The Sun tells us only that Wilson is an "educator" who "is the B.C. representative for canadaaction.ca, a volunteer movement for Canadians to take action and work together in support of the resource sector."

I went to canadaaction.ca yesterday, Feb. 1, to try and learn about its volunteers and backers, only to read the website is "taking a quick break."

Hmmm. As Wilson extols the virtues of exporting oil through his province from Alberta, he cites the reassurances of the Fraser Institute. Now, of course we all have come to rely upon the Fraser Institute for completely unbiased opinions on matters of this sort. The fact that it has been funded by the bitumen refining, oil tycoon Koch brothers and other entities with ties to fossil fuel corporations is irrelevant. Right.

May I offer a small reality check for Christopher Wilson, who volunteers his time not to protest, but to "support" the aims of the oil industry?

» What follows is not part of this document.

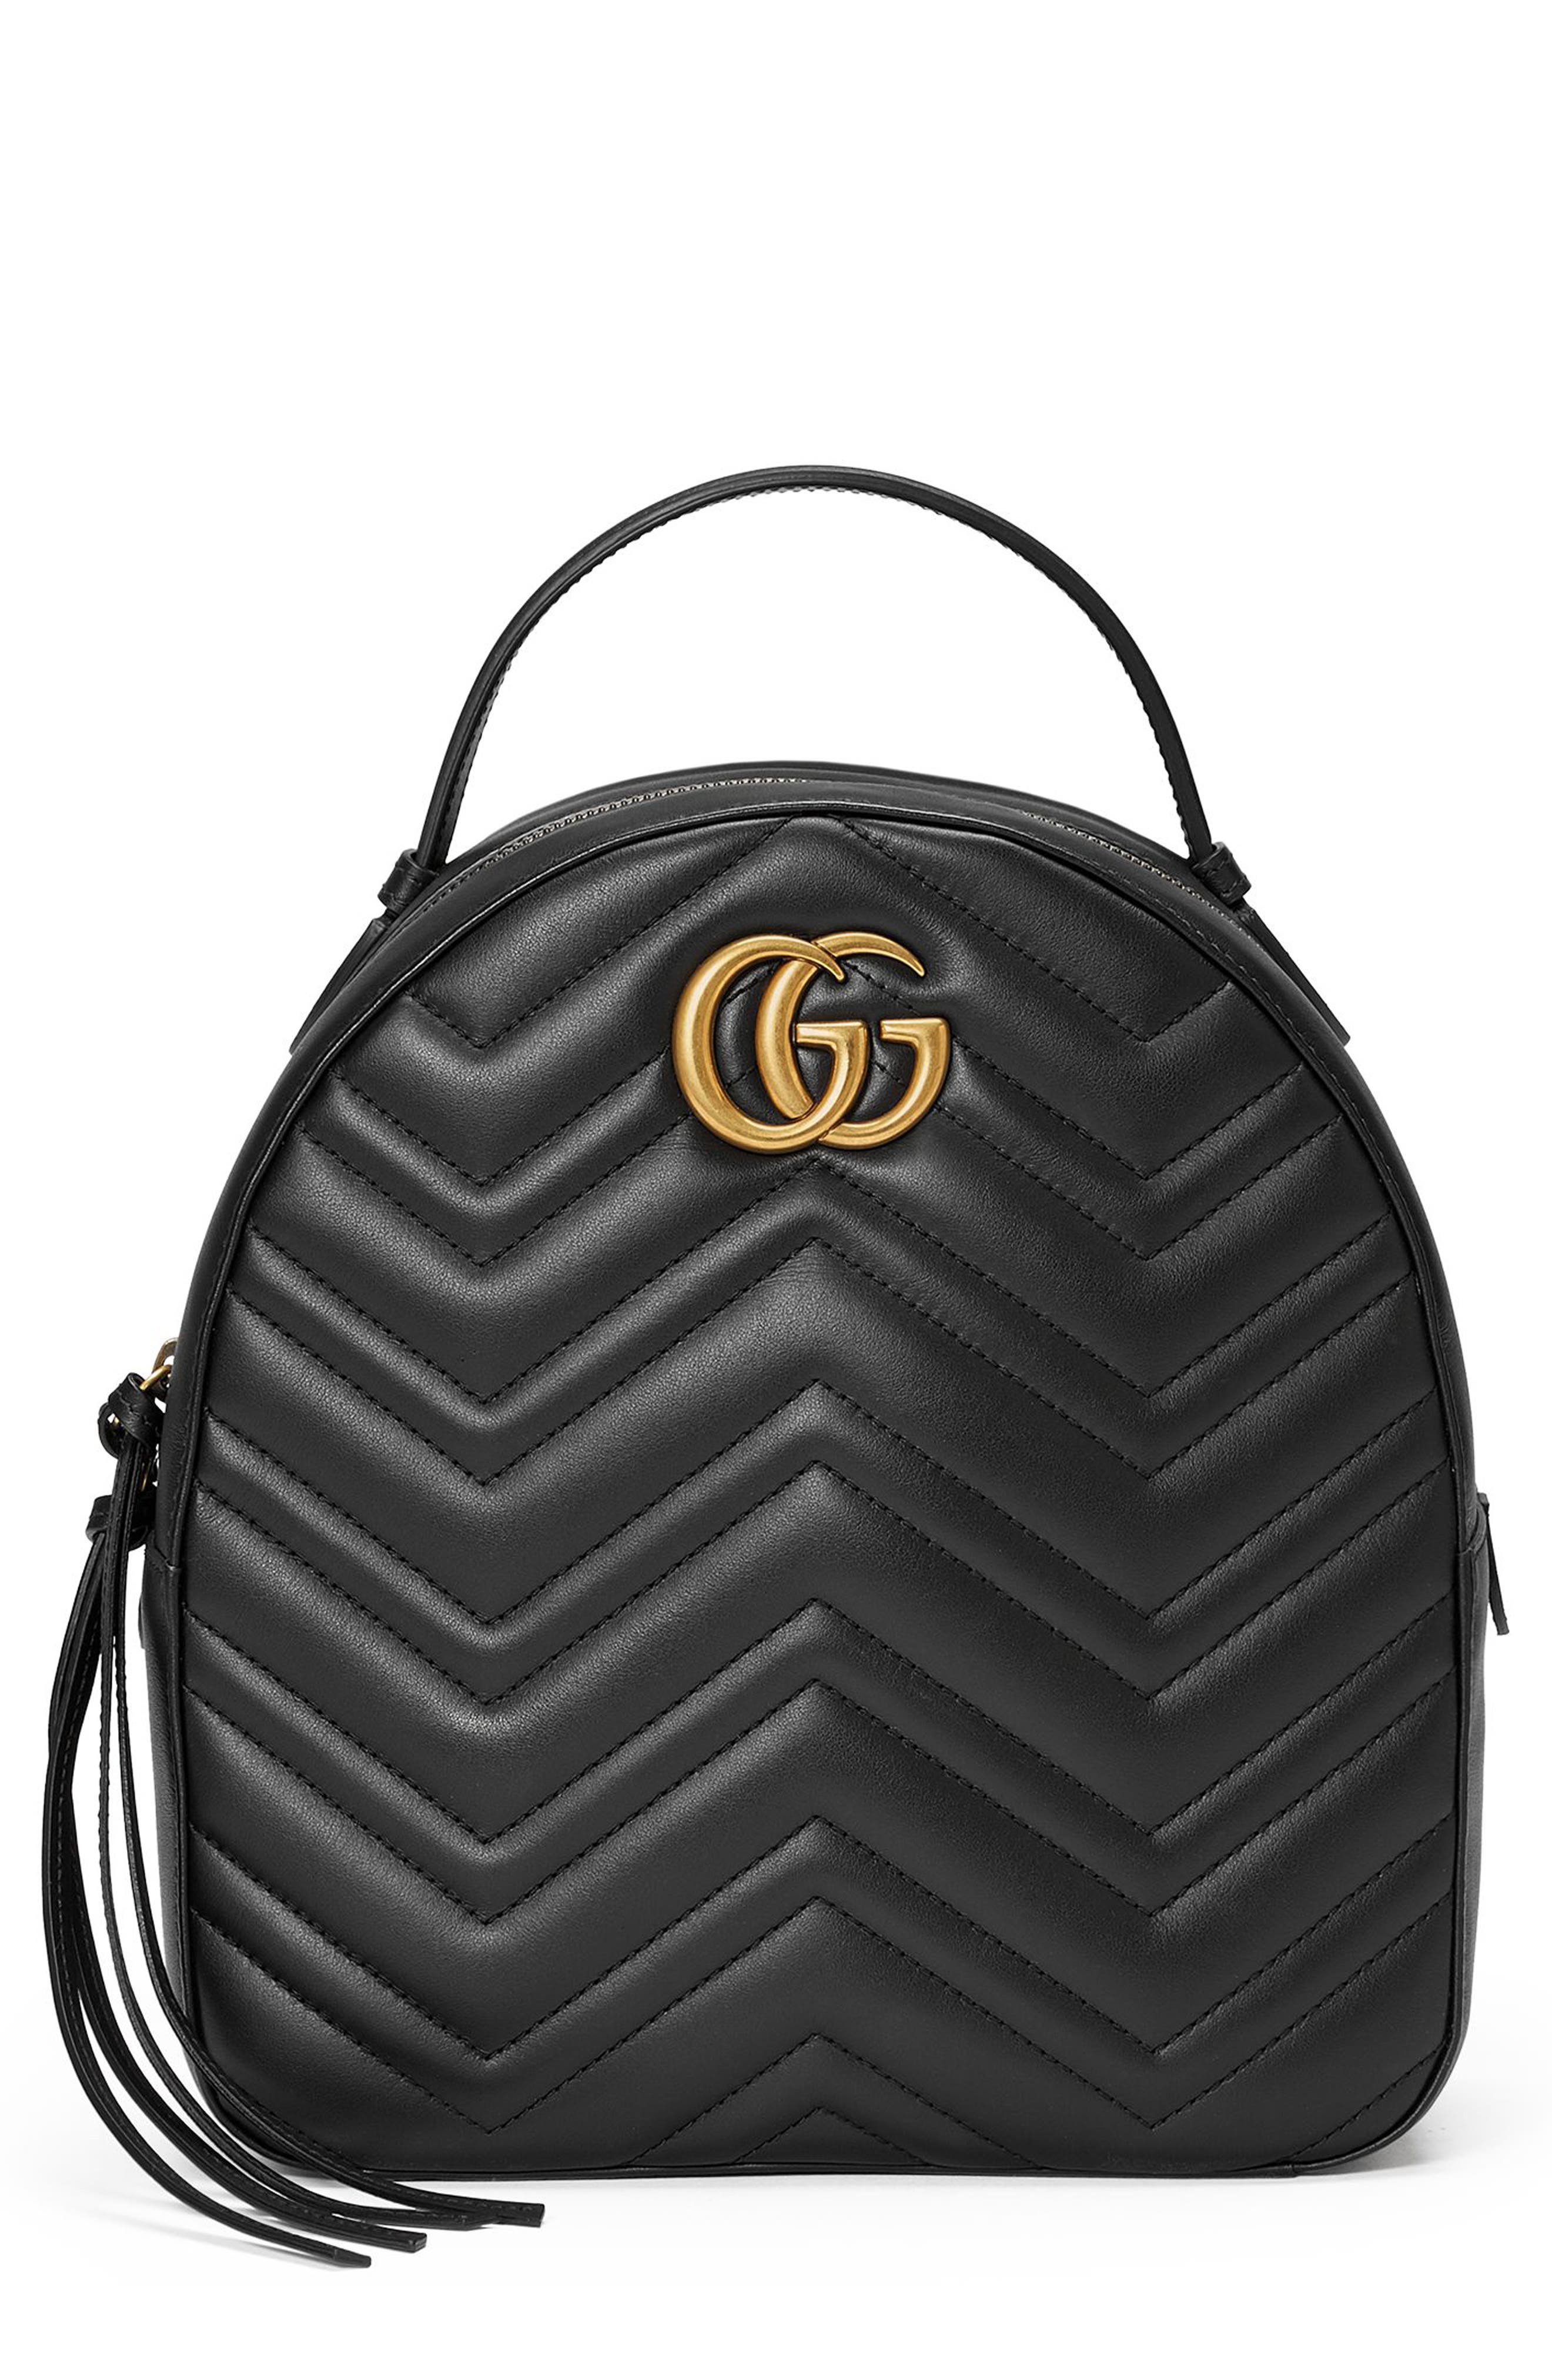 Womens Del Sol Backpacks, Black/Black/Black, One Size Rip Curl

Despite what the Fraser Institute says, all tankers are safe until one hits something and spills its cargo into the ocean or along shores.* Mathematically, it is a certainty that there will be tanker accidents on our coast if the proposed pipelines go through. A certainty.

Election with much on line

We are in an election year and, as you may have determined, I'm angry. I see people travelling up and down the Sea-to-Sky gazing at Howe Sound, that world-renowned gem. I am desperately concerned that this beautiful place is going to be desecrated for the purpose of fossil fuel shipments to the Far East, and I want to weep.

I open our province's supposed newspaper of record and there, on a single day, are two columns that pretend to tell me I am misplaced in my concerns and should question my solidarity with like-minded protestors.

I cannot accept the implicit message that Prime Minister Stephen Harper really knows what's best for us. The 2015 election is the last chance we have to demand, and seize, the right to decide our own fate.